Retrieval Mode Comparison
Is hybrid retrieval worth the extra cost over single-mode?

| Mode | Retrieval | TTFT | First-Audio |
|---|---|---|---|
| Hybrid (RRF) | 4.16ms | 55.0ms | 175.9ms |
| Vector only | 2.90ms | 55.2ms | 166.6ms |
| BM25 only | 2.66ms | 58.7ms | 191.7ms |
Hybrid adds 1.3–1.5ms over single-mode retrieval. The cost is dominated by the embedding computation, not the fusion logic. Vector-only offers a 7% first-audio advantage if you're willing to sacrifice lexical matching.
All three modes stay under 200ms first-audio.
How We Compare
We compared FastVoice RAG against every on-device or private RAG system we could find:
| System | Language | On-Device | Voice Integration | Cloud-Free | First-Audio |
|---|---|---|---|---|---|
| FastVoice RAG | C++ | Yes | Yes | Yes | <200ms |
| LlamaIndex | Python | No | No | No | N/A |
| RAGFlow | Python | No | No | No | N/A |
| PrivateGPT | Python | Partial | No | Partial | Multi-second |
FastVoice RAG is the only system that is fully on-device, written in C++, voice-integrated, and cloud-free.
What This Enables
Voice-First Knowledge Assistants
Ask your device questions about your documents — and hear the answer in under 200ms:
- Medical professionals: Query drug interactions, treatment protocols, patient histories — all on-device, fully HIPAA-compliant
- Legal research: Search case law and statutes by voice while reviewing documents
- Field engineers: Access equipment manuals and troubleshooting guides offline
Privacy-Critical RAG
The entire pipeline — embedding, retrieval, generation, and speech — runs locally:
- Sensitive corporate documents never leave the device
- No API keys, no usage logs, no third-party data processing
- Compliant by architecture, not by policy
Offline Knowledge Access
- Aircraft maintenance crews accessing technical manuals mid-flight
- Emergency responders querying protocols in connectivity dead zones
- Researchers working with classified or embargoed data
The Numbers That Matter
Retrieval Performance:
- <4ms total retrieval latency (hybrid, top-k=5)

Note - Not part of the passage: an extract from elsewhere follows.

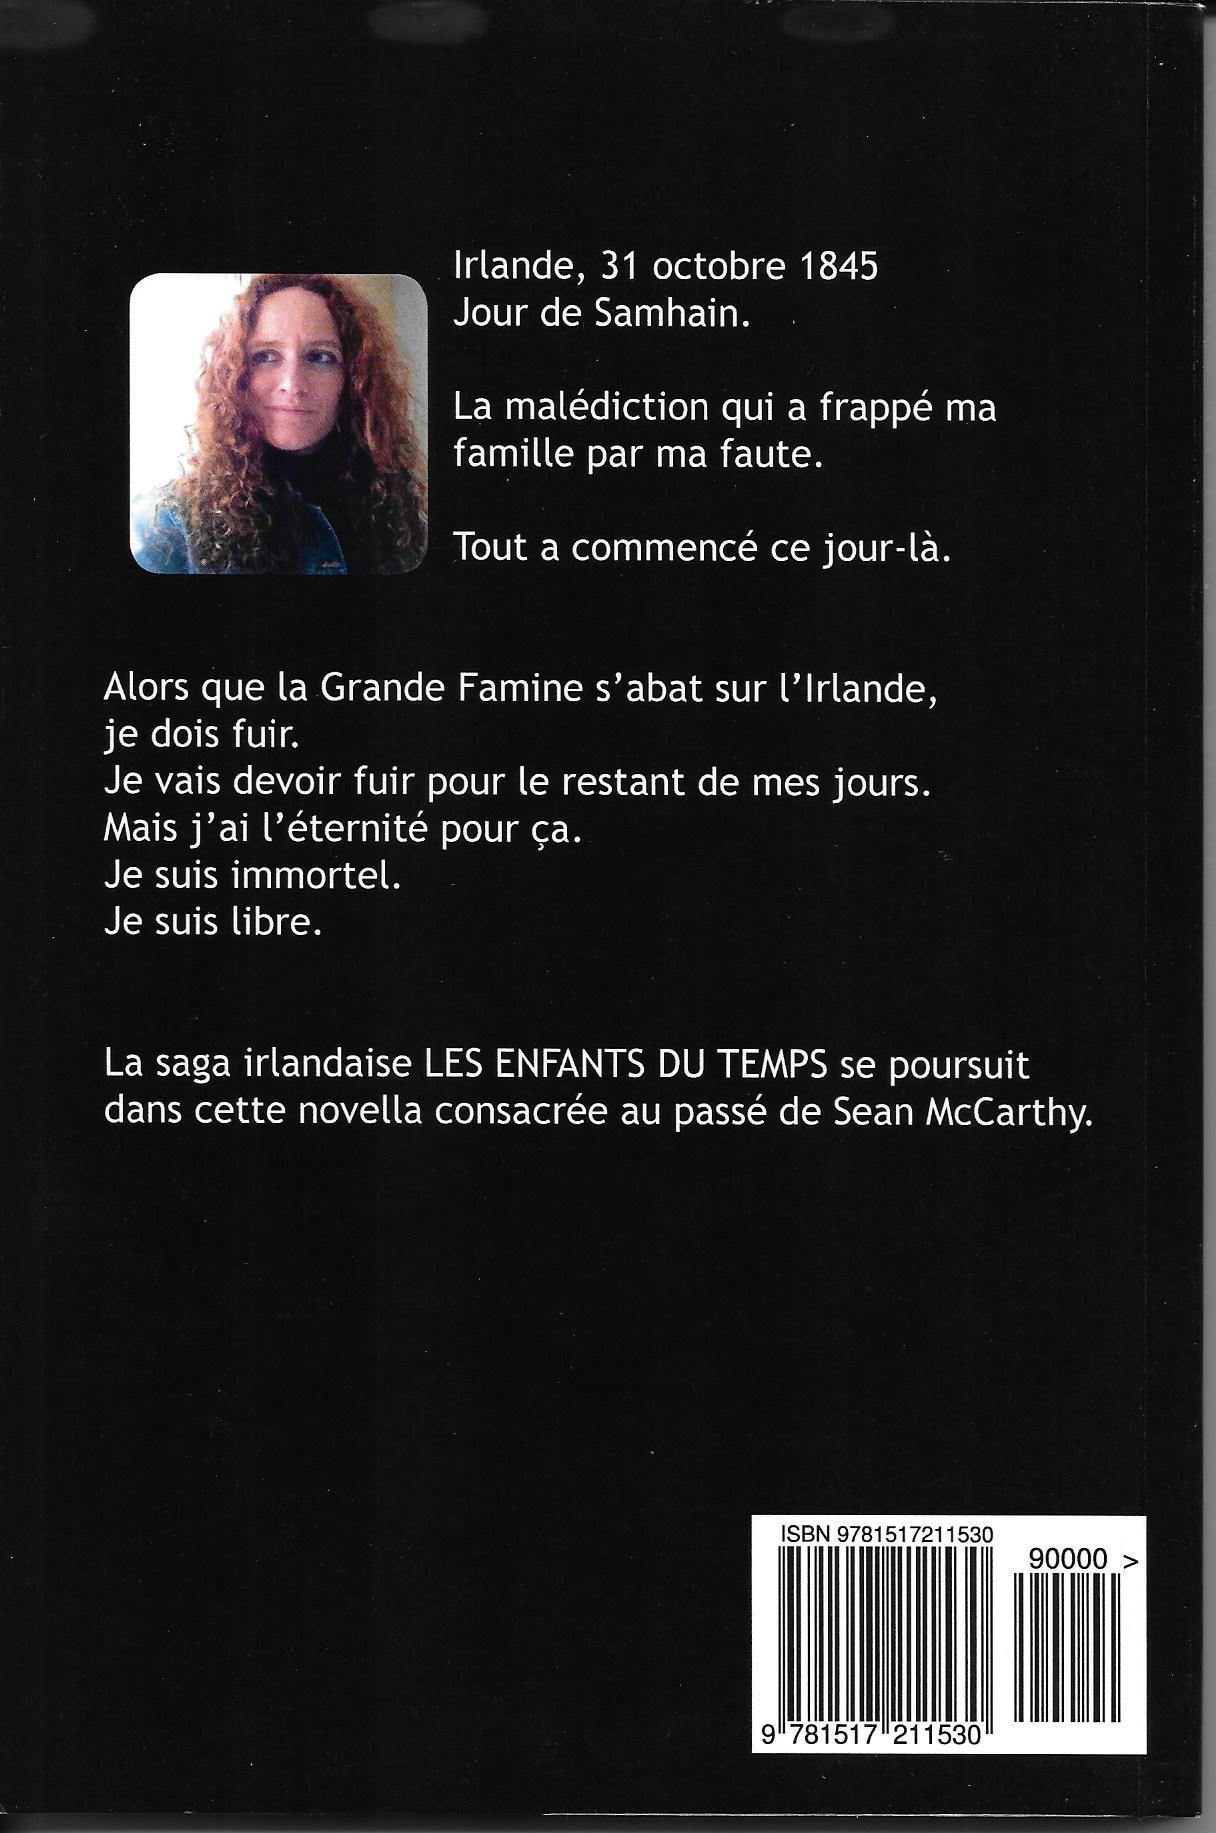 Les Enfants du Temps - Ténébreux (couverture verso)

- 0.015μs embedding cache hit latency (99.9% hit rate)
- 255,000x speedup on cache hits
- 0.001ms RRF fusion time
Pipeline Performance:
- <200ms first-audio with full RAG (top-k=5)
- 16% first-audio growth from k=1 to k=10 (word-level flushing)

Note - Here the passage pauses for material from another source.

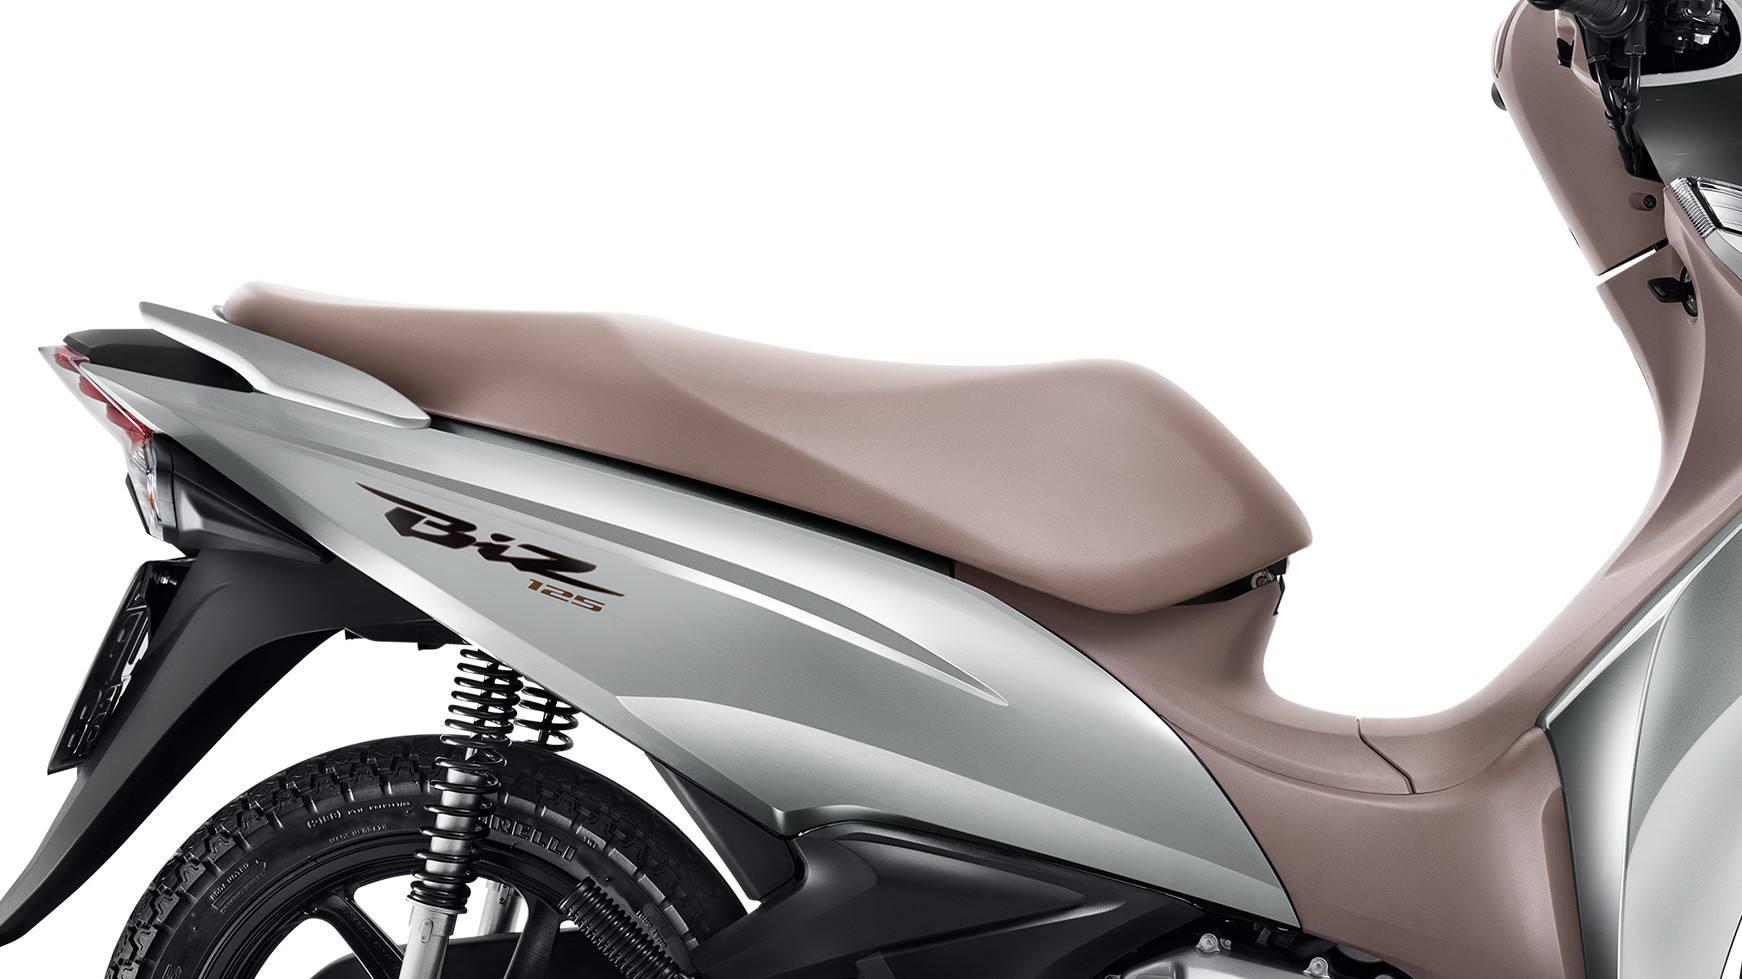 Como é A Nova Honda Biz 125 2019 Que Veio Com Novas Cores E

- 3.8x TTFT growth absorbed by streaming
System Properties:
- 5,016 chunks indexed and searchable
- Zero cloud dependencies
- Zero allocations in the hot path
- Dual Metal GPU contexts for concurrent embedding + LLM
Summary
RAG doesn't have to be slow. RAG doesn't have to be in the cloud.
FastVoice RAG proves that hybrid retrieval-augmented generation can run in a real-time voice pipeline — entirely on-device — with first-audio latency under 200ms. The retrieval itself adds almost nothing. The LLM prefill cost is real, but word-level streaming flush absorbs it.
The architecture: memory-mapped zero-copy indexes, pre-allocated fusion buffers, frequency-weighted embedding cache, and dual Metal GPU inference — all composed into a single C++ binary on Apple Silicon.
No cloud. No network. No waiting.
Evaluated on Apple M3 Max, 36GB unified memory, macOS Sonoma. Corpus: 5,016 chunks from 1,030 CS documents. Models: Qwen3 0.6B Q4_K_M (KV cache Q8_0), Snowflake Arctic Embed S Q8_0, Piper Amy medium. STT: Streaming Zipformer via sherpa-onnx. File-mode benchmarks, 5 runs. Embedding cache: frequency-weighted LRU. Retrieval: BM25 + HNSW + RRF (k=60).